A domestic cleanser contains concentrated HCl as the active ingredient. A titration experiment was carried out to determine the concentration of HCl in the domestic cleanser. 20.0 ml of the cleanser were diluted to 250.0 ml with distilled water. 25.0 ml of the diluted cleanser were the titrated against 0.5 mol L-1 sodium hydroxide solution. 15.00 ml of sodium hydroxide solution were required for complete neutralization.

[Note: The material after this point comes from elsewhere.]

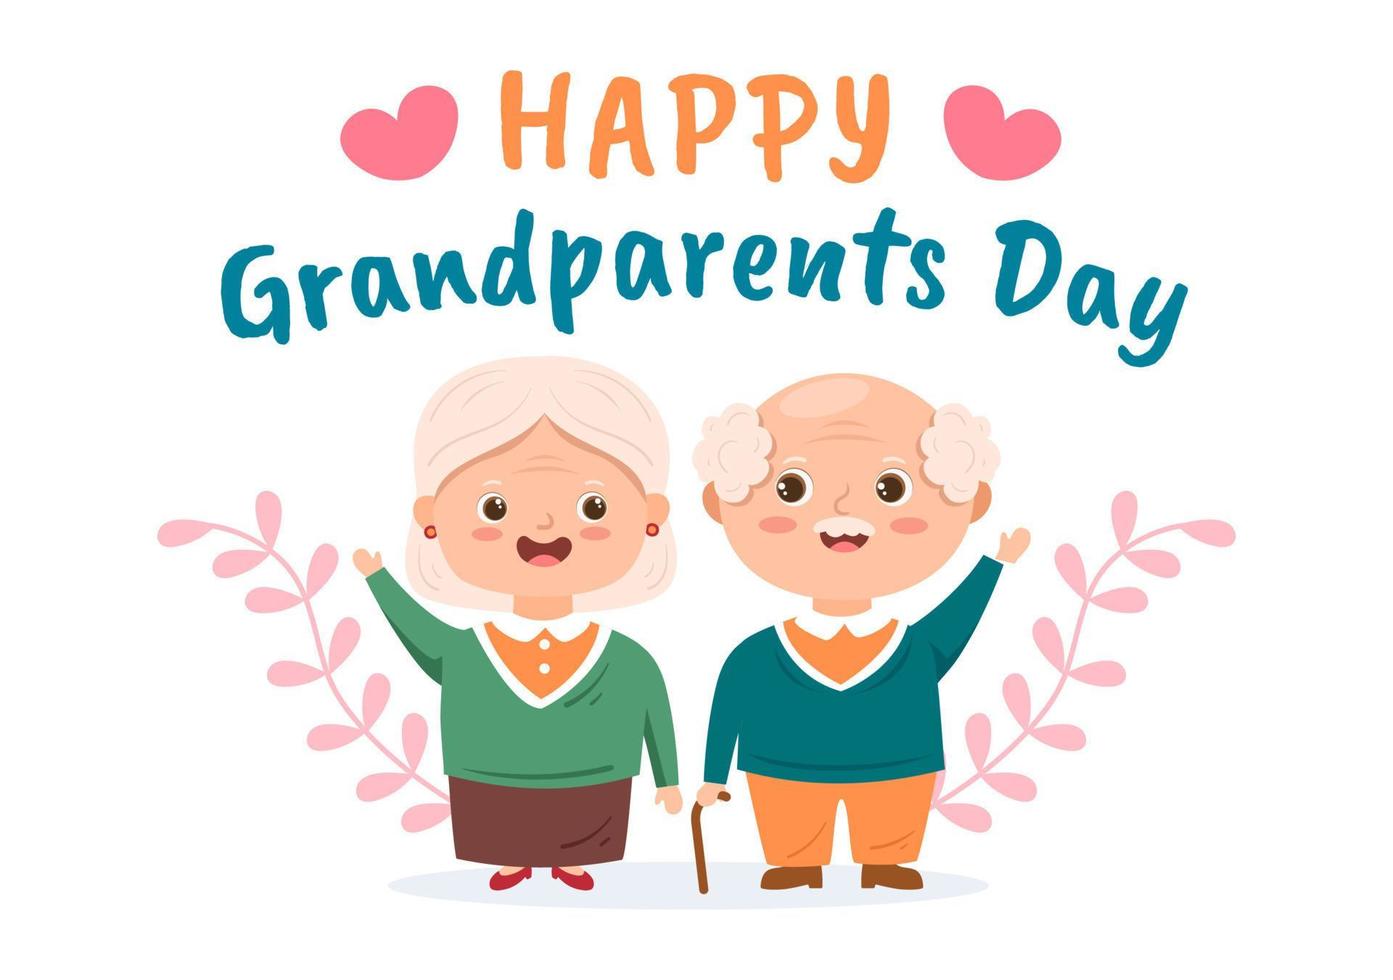 gelukkige grootouders dag schattige cartoon afbeelding met ouder echtpaar, bloemdecoratie, opa en oma in vlakke stijl voor poster of wenskaart vector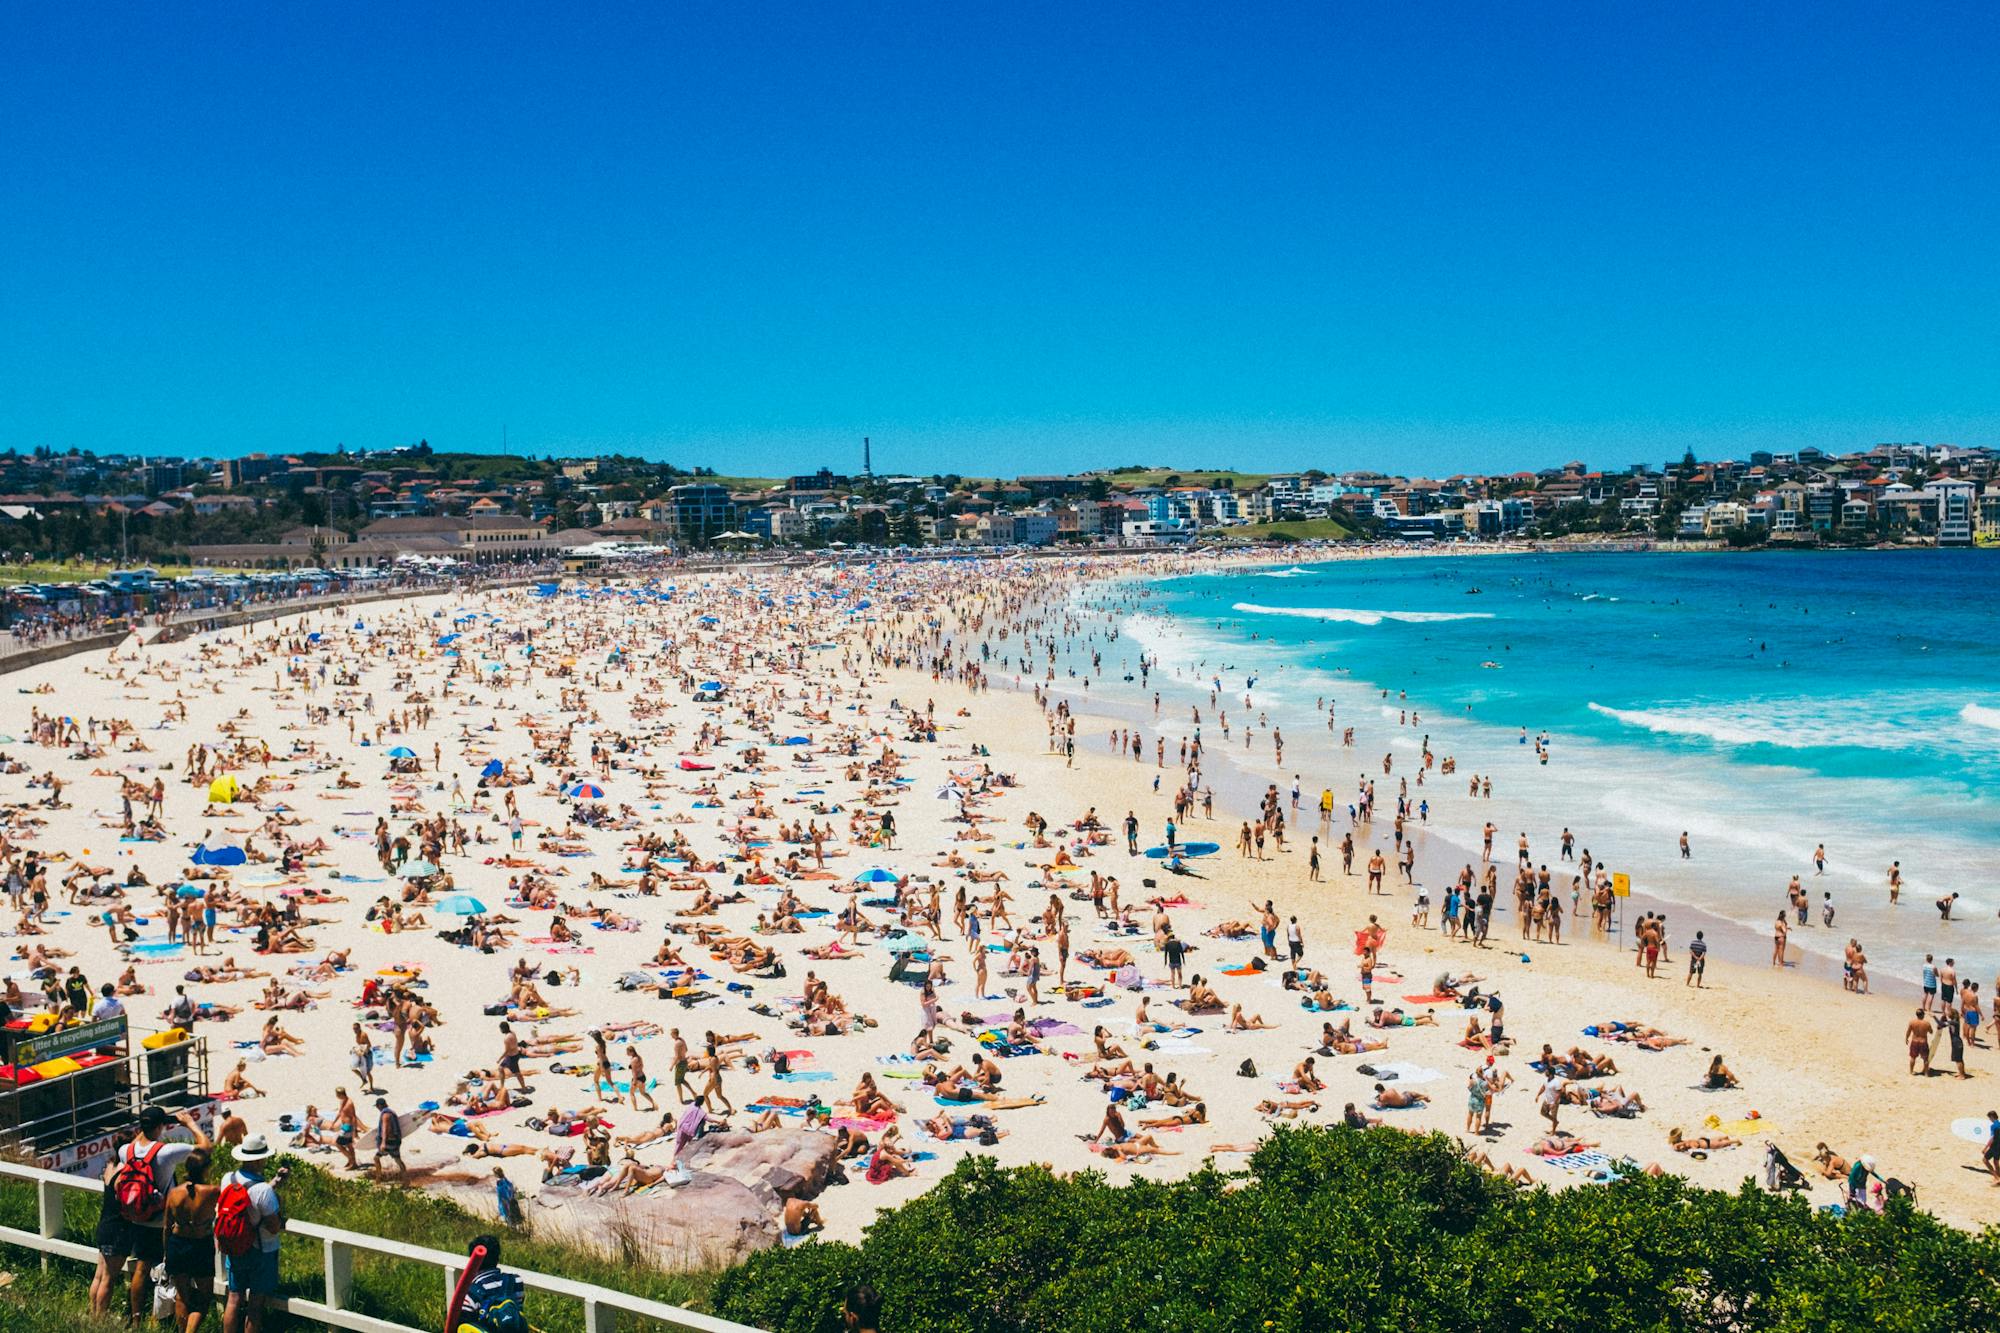 Blick auf den Bondi Beach mit Tausenden von Menschen, welche am Strand liegen und im Meer baden.

(A)Calculate the molarity of hydrochloric acid in the cleanser.
(B)Calculate the concentration, in g dm-3, of hydrochloric acid in the cleanser.

Thank you

so the Molarity of the diluted is M/(250/20)

25ml*(M/(250/20)=15ml*.5

M= 15.*.5*250/20*1/25=15*.25 check that.
from preceeding,
molarity= gramssolute/molmass*1liter
grams solute/liter= M*molmassHCl
= 15*.25/36

To calculate the molarity of hydrochloric acid (HCl) in the cleanser, we can use the principle of stoichiometry and the equation of the neutralization reaction between HCl and sodium hydroxide (NaOH).

Given data:
Volume of diluted cleanser used for titration (V₁) = 25.0 ml = 0.025 L
Volume of NaOH solution required for neutralization (V₂) = 15.00 ml = 0.015 L
Concentration of NaOH solution (C₂) = 0.5 mol L⁻¹

Since the balanced chemical equation for the reaction between HCl and NaOH is 1:1, we can equate the moles of HCl with the moles of NaOH involved in the reaction.

Moles of NaOH used = Concentration of NaOH × Volume of NaOH
Moles of NaOH used = 0.5 mol L⁻¹ × 0.015 L
Moles of NaOH used = 0.0075 mol

Since the balanced equation is 1:1 between HCl and NaOH, the moles of HCl present in the cleanser will also be 0.0075 mol.

Now we can calculate the volume of the diluted cleanser used for titration in terms of the original undiluted cleanser:

Volume of undiluted cleanser (V) = Volume of diluted cleanser × Dilution factor
Dilution factor = Total volume of diluted cleanser / Volume of undiluted cleanser
Dilution factor = 250.0 ml / 20.0 ml
Dilution factor = 12.5

Therefore, the volume of the undiluted cleanser used for titration = 0.025 L / 12.5
Volume of undiluted cleanser used for titration = 0.002 L

Molarity of HCl in the cleanser (C) = Moles of HCl / Volume of undiluted cleanser
Molarity of HCl in the cleanser = 0.0075 mol / 0.002 L
Molarity of HCl in the cleanser = 3.75 mol L⁻¹

Answer: The molarity of hydrochloric acid in the cleanser is 3.75 mol L⁻¹.

To calculate the concentration of hydrochloric acid (HCl) in the cleanser in g dm⁻³ (grams per decimeter cubed), we need to use the molarity of HCl and its molar mass.

The molar mass of HCl is 36.461 g mol⁻¹ (1 mol of HCl weighs approximately 36.461 grams).

Concentration of HCl in the cleanser (in g dm⁻³) = Molarity of HCl × Molar mass of HCl
Concentration of HCl in the cleanser = 3.75 mol L⁻¹ × 36.461 g mol⁻¹

Concentration of HCl in the cleanser = 136.72 g dm⁻³

Answer: The concentration of hydrochloric acid in the cleanser is 136.72 g dm⁻³.